Unless the Legislature specifically prohibits the holding of a public office and public employment at the same time (see, e.g., Ed. Code, §§ 35107, 72103, ; Gov. Code, §§ 53227-53227.2), conflict of interest principles generally do not bar a person from holding two different positions, instead requiring only abstention when a particular matter arises. (See Thompson v. Call (1985)38 Cal.3d 633, 645-647; Eldridge v. SierraView Local Hospital Dist. (1990) 224 Cal.App.3d 311, 320-321; 73 Ops.Cal.Atty.Gen., supra, at 193-196.)
In sum, we conclude that a county supervisor may be employed by a county housing authority commission to serve as its secretary and executive director.
1 Section references are to the Health and Safety Code unless otherwise indicated.
2 Alternatively, the board of supervisors may declare itself to be the commissioners of the authority (§ 34290), with a separate housing commission (§ 34291) functioning in an advisory capacity (§ 34292).
3 Section 34281 specifically prohibits a housing authority commissioner from having an interest in a housing project or any property to be included in any project, or from having any interest in any contract for goods or services relating to a housing project, with limited exceptions.
4 In our 1978 letter opinion concluding that a county supervisor could serve as the executive secretary of a county housing authority (Cal.Atty.Gen., Indexed Letter No.

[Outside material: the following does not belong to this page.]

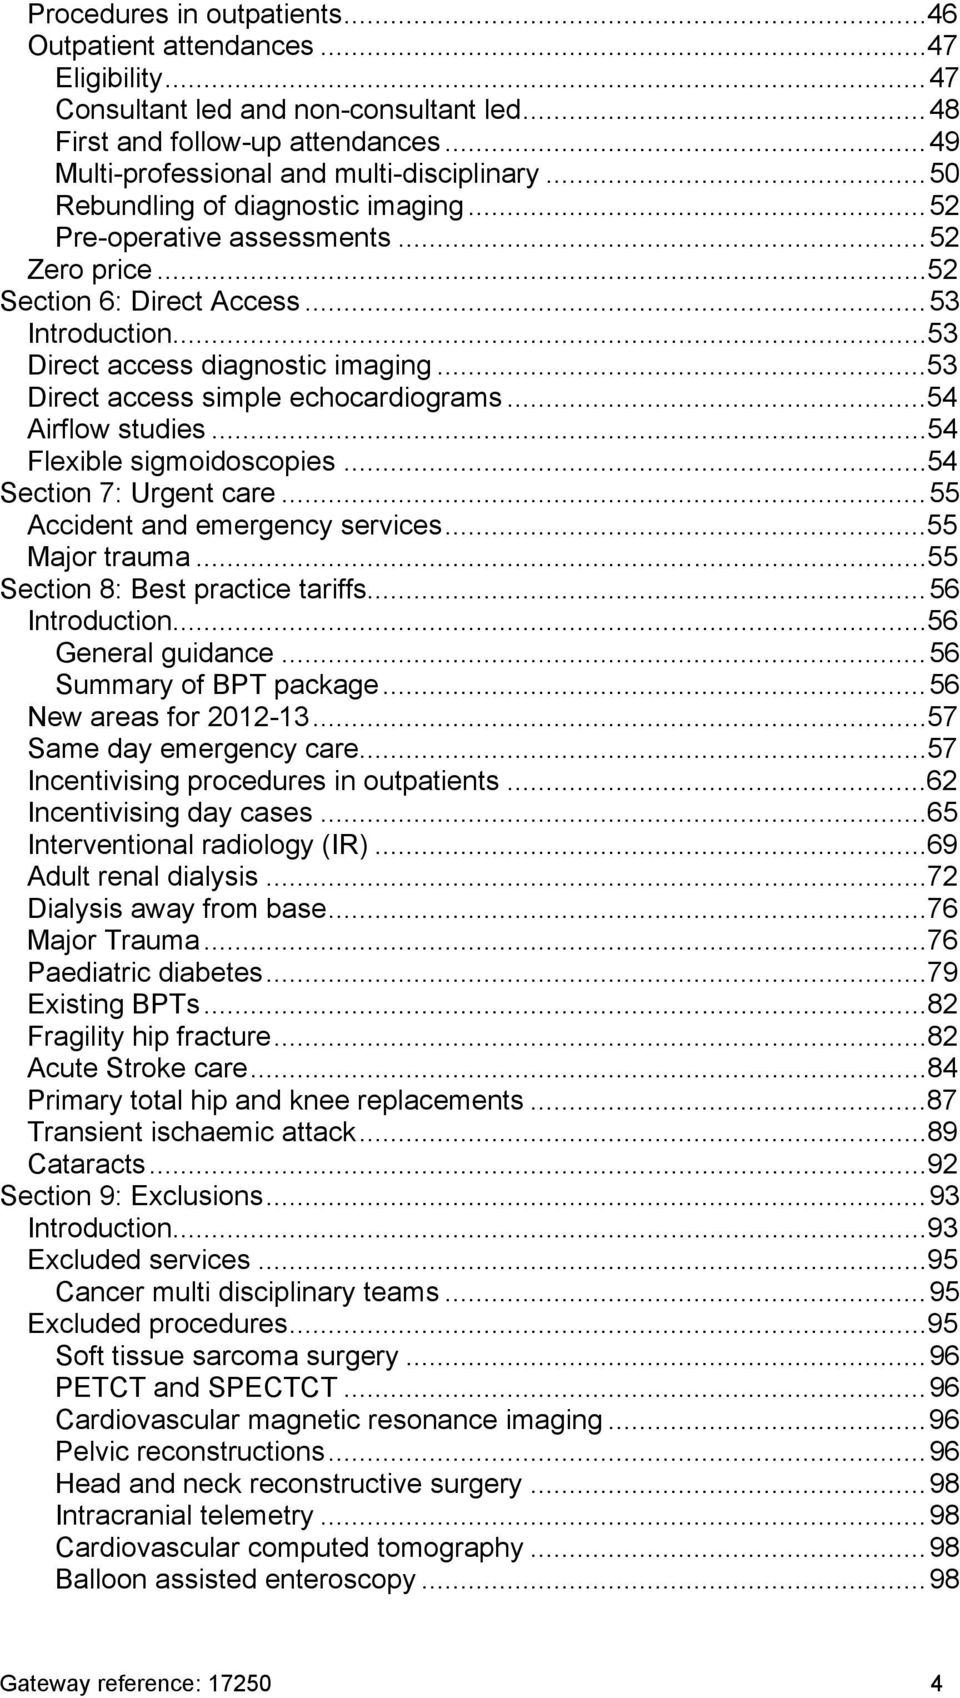 ..53 Direct access simple echocardiograms...54 Airflow studies...54 Flexible sigmoidoscopies...54 Section 7: Urgent care...55 Accident and emergency services...55 Major trauma.

IL 78-102, supra), the housing authority's executive secretary did not hold a salaried position, and we thus did not consider the application of Government Code section1090.
5 If the county, through its board of supervisors, were to propose entering into a contract with the county housing authority (see §34314), such contract would require examination in light of the requirements of Government Code section1090. (See, e.g., Gov. Code, § 1091.5, subd. (a)(9); 78 Ops.Cal.Atty.Gen., supra, at 369-370.)